This guide explains the architecture and key concepts of the Antfly Operator.
Architecture Overview
The Antfly database uses a two-tier architecture with separate node types for coordination and data storage:
┌─────────────────────────────────────────────────┐
│ Kubernetes Cluster │
│ │
┌─────────────┐ │ ┌──────────────────────────────────────────┐ │
│ Clients │◄─────────┼──│ Public API Service │ │
└─────────────┘ │ │ (LoadBalancer/NodePort) │ │
│ └──────────────────┬───────────────────────┘ │
│ │ │
│ ▼ │
│ ┌──────────────────────────────────────────┐ │
│ │ Metadata Nodes (StatefulSet) │ │
│ │ ┌───────┐ ┌───────┐ ┌───────┐ │ │
│ │ │Node 0 │◄─│Node 1 │◄─│Node 2 │ │ │
│ │ │Leader │ │Follower│ │Follower│ │ │
│ │ └───┬───┘ └───┬───┘ └───┬───┘ │ │
│ │ │ Raft │ │ │ │
│ │ │Consensus │ │ │ │
│ └──────┼──────────┼─────────┼─────────────┘ │
│ │ │ │ │
│ ▼ ▼ ▼ │
│ ┌──────────────────────────────────────────┐ │
│ │ Data Nodes (StatefulSet) │ │
│ │ ┌───────┐ ┌───────┐ ┌───────┐ ... │ │
│ │ │Node 0 │ │Node 1 │ │Node 2 │ │ │
│ │ └───────┘ └───────┘ └───────┘ │ │
│ │ Data Replication │ │
│ └──────────────────────────────────────────┘ │
│ │
└─────────────────────────────────────────────────┘Node Types
Metadata Nodes
Metadata nodes handle cluster coordination and client requests:
| Responsibility | Description |
|---|---|
| Raft Consensus | Maintain cluster state consistency |
| Client API | Handle client connections and queries |
| Cluster Coordination | Manage data node membership |
| Schema Management | Store table and index definitions |
Key Characteristics:
- Fixed replica count: Always 3 or 5 (odd number for Raft quorum)

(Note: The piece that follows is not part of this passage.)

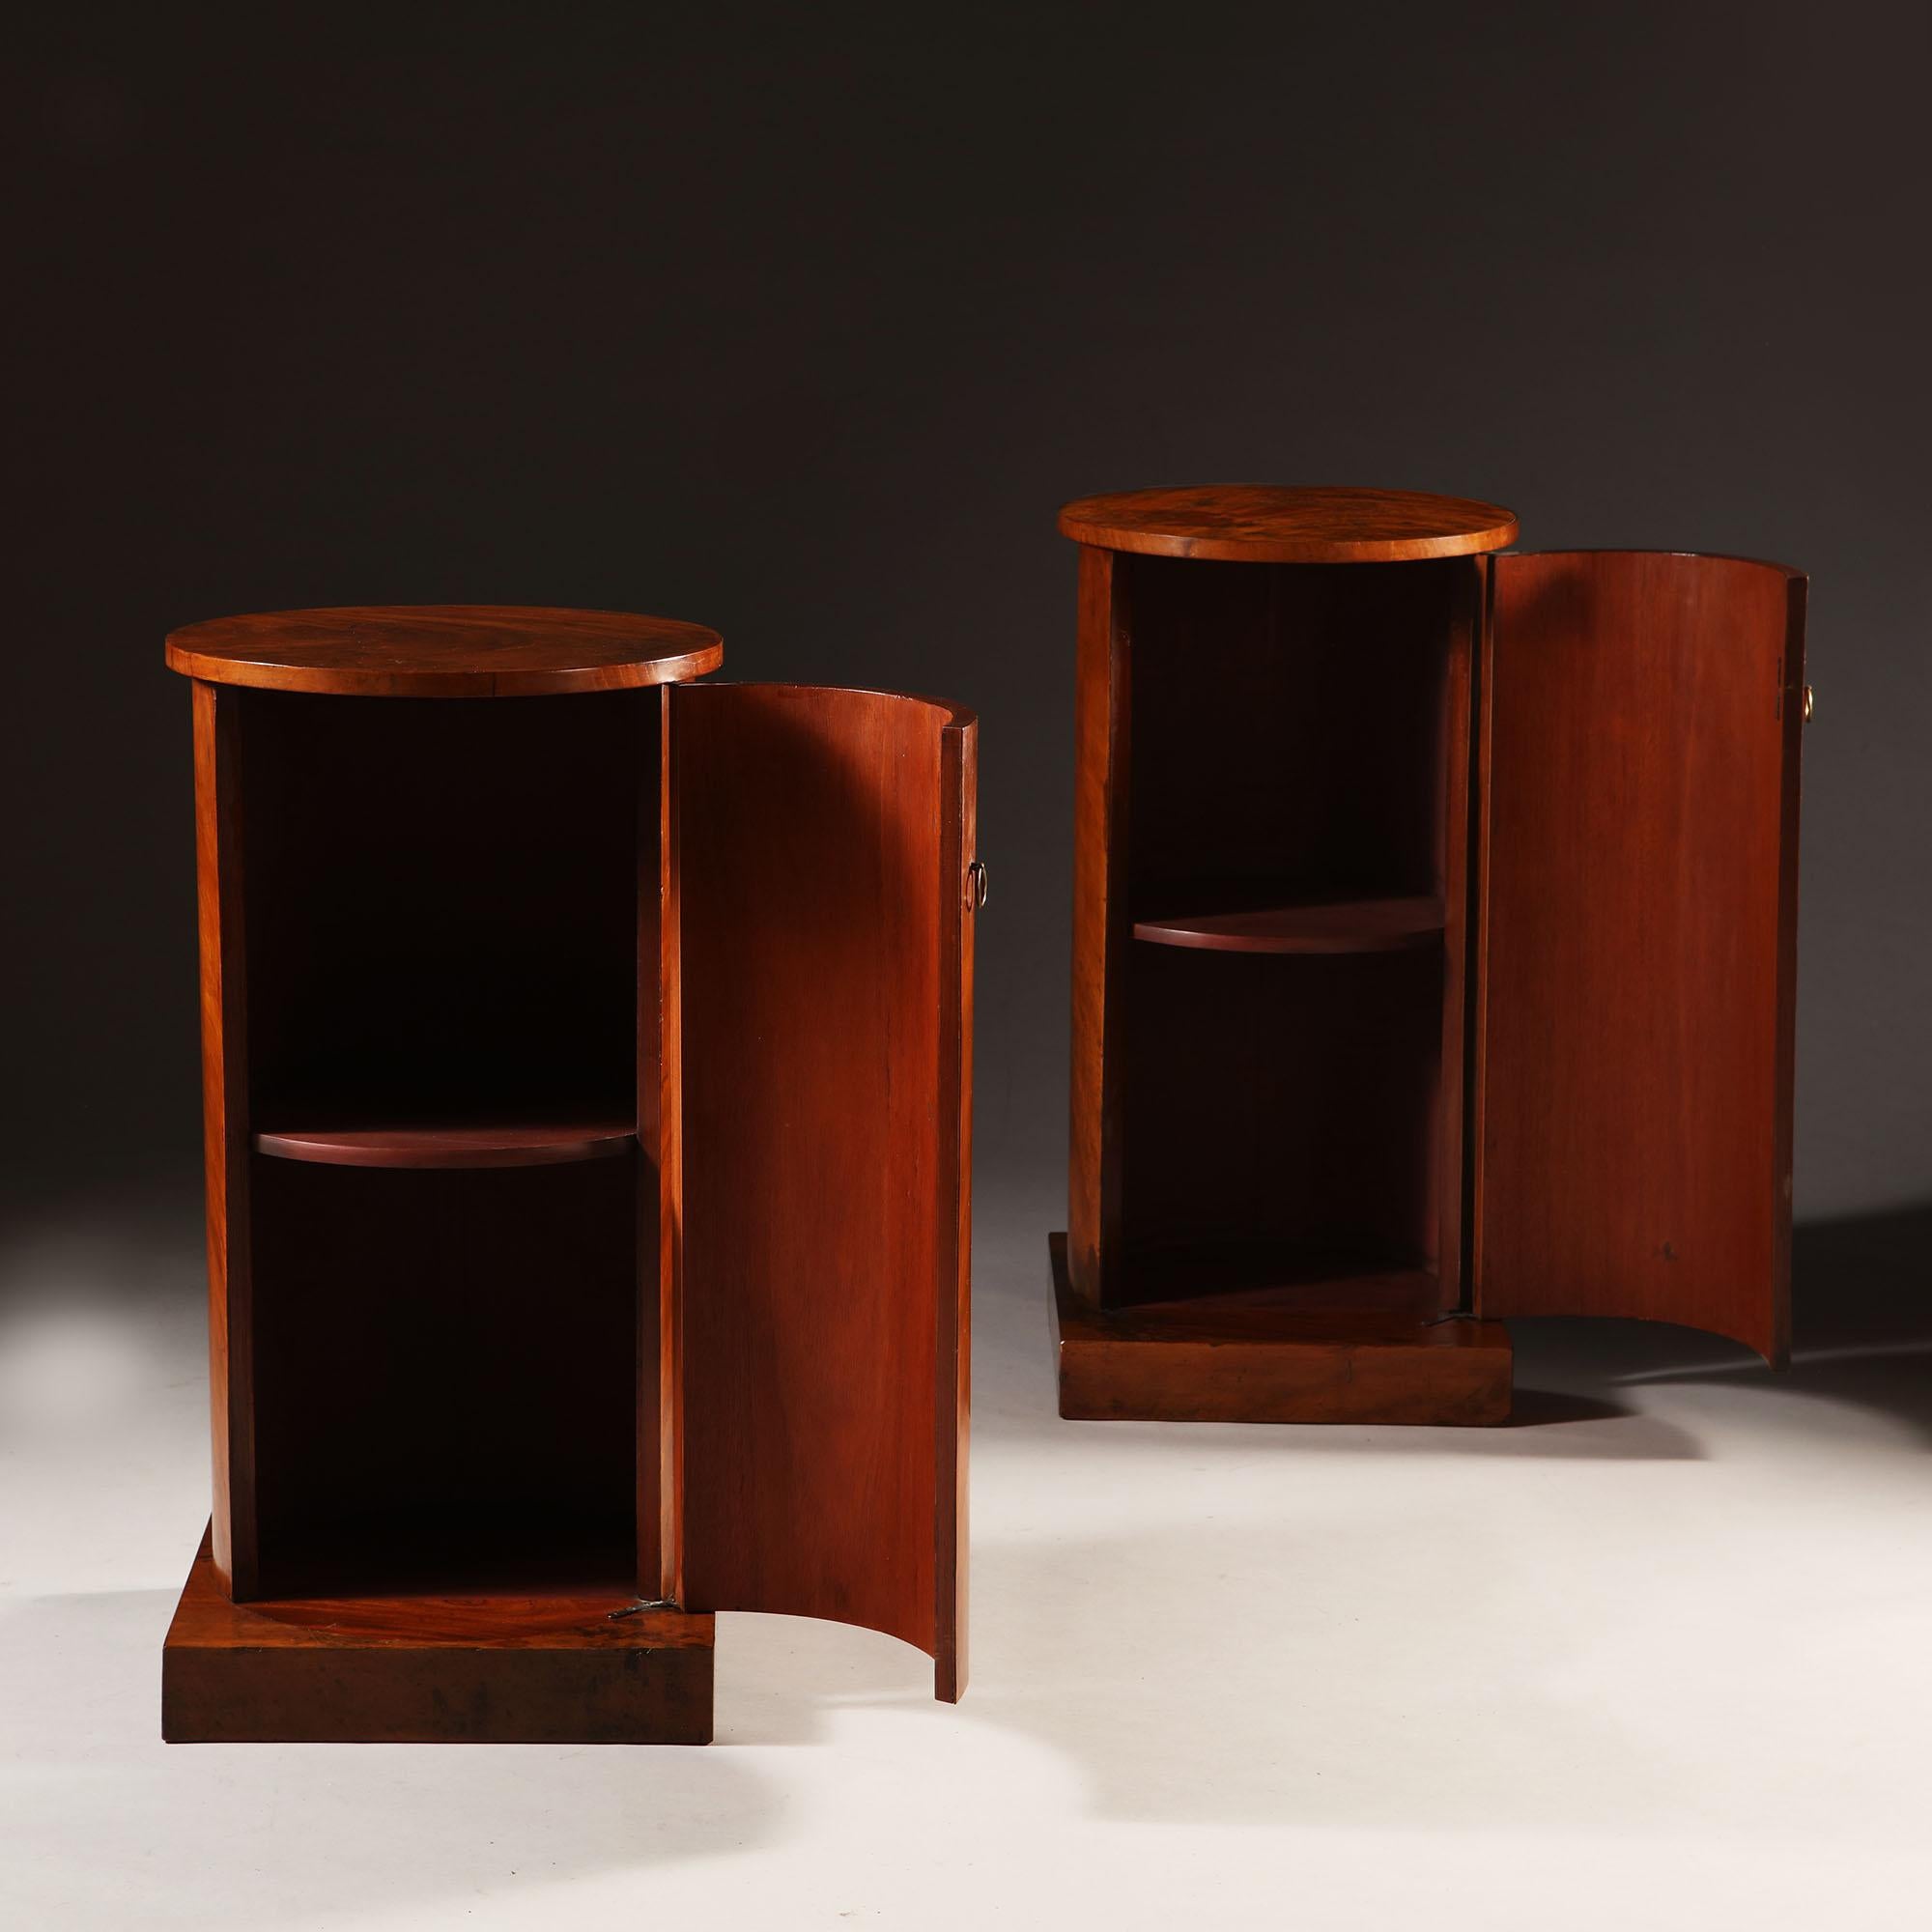 A pair of 19th century English flame mahogany wood bedside cupboards / tables in the form of pedestals, each with one door to the front opening to reveal two shelves, with brass loop handles to the doors, all supported on square plinth bases.

- Not autoscaled: Replica count is static for consensus stability
- Not recommended for Spot Pods: Raft leader stability is critical
- Ports: 12377 (API), 9017 (Raft), 4200 (Health)
Data Nodes
Data nodes store and replicate actual data:
| Responsibility | Description |
|---|---|
| Data Storage | Store table data on persistent volumes |
| Replication | Replicate data across nodes |
| Query Processing | Execute queries on local data |
Key Characteristics:
- Autoscalable: Can scale based on CPU/memory metrics
- Spot-compatible: Safe to use Spot Pods/Instances with 3+ replicas
- Horizontal scaling: Add nodes to increase capacity
- Ports: 12380 (API), 9021 (Raft), 4200 (Health)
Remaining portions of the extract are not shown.